Manual Hyperinflation: Is It Effective?

Patients receiving invasive mechanical ventilation who are unable to breathe spontaneously or produce an effective cough may retain pulmonary secretions leading to bronchial obstruction and atelectasis with the attendant adverse effects.^1,2 To enhance airway clearance, a maneuver known as manual hyperinflation, which involves lung ventilation with a manual resuscitator, was first described more than 50 years ago.³ By simulating a normal cough, this maneuver is intended to mobilize secretions from smaller airways toward the trachea, where they can be removed easily with airway suction.¹ Manual hyperinflation was (and perhaps still is) used primarily in a routine and prophylactic basis with airway suctioning to achieve mucus clearance.⁴ However, considering the current consensus on endotracheal suctioning of mechanically ventilated patients, which only recommends this procedure when there are signs of accumulated pulmonary secretions,⁵ it appears contradictory to use manual hyperinflation as a routine in clinical practice.

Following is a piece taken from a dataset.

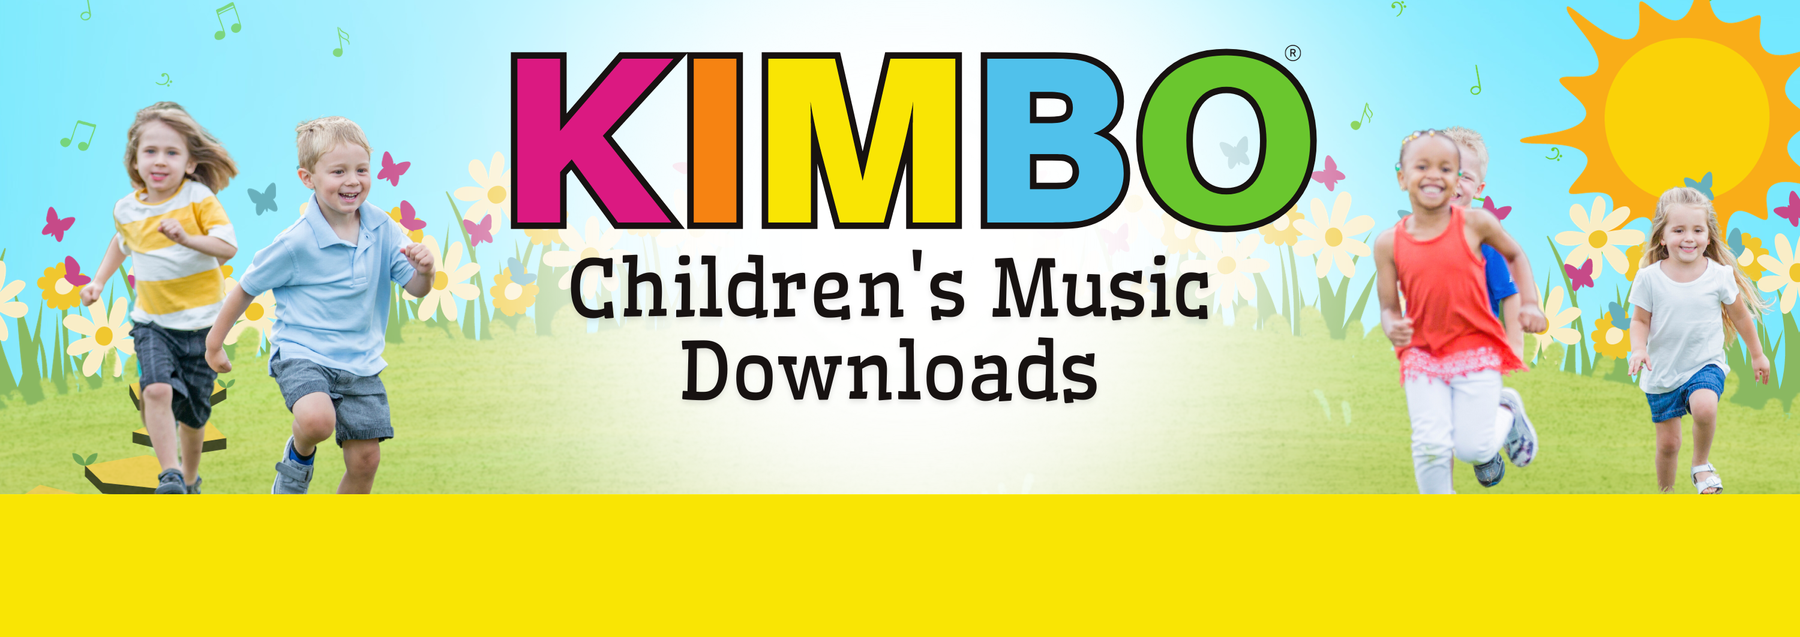 Kimbo Children's Music

Manual hyperinflation has also been applied with a second aim: to open collapsed lung units not associated with airway secretion obstruction in surgical patients.⁶ However, taking into account the accumulated evidence that lung hyperinflation causes only transitory alveolar recruitment (ie, for a matter of seconds) if it is not followed by sufficient PEEP,^7–9 it seems prudent to use the ventilator to improve lung volume instead of manual hyperinflation.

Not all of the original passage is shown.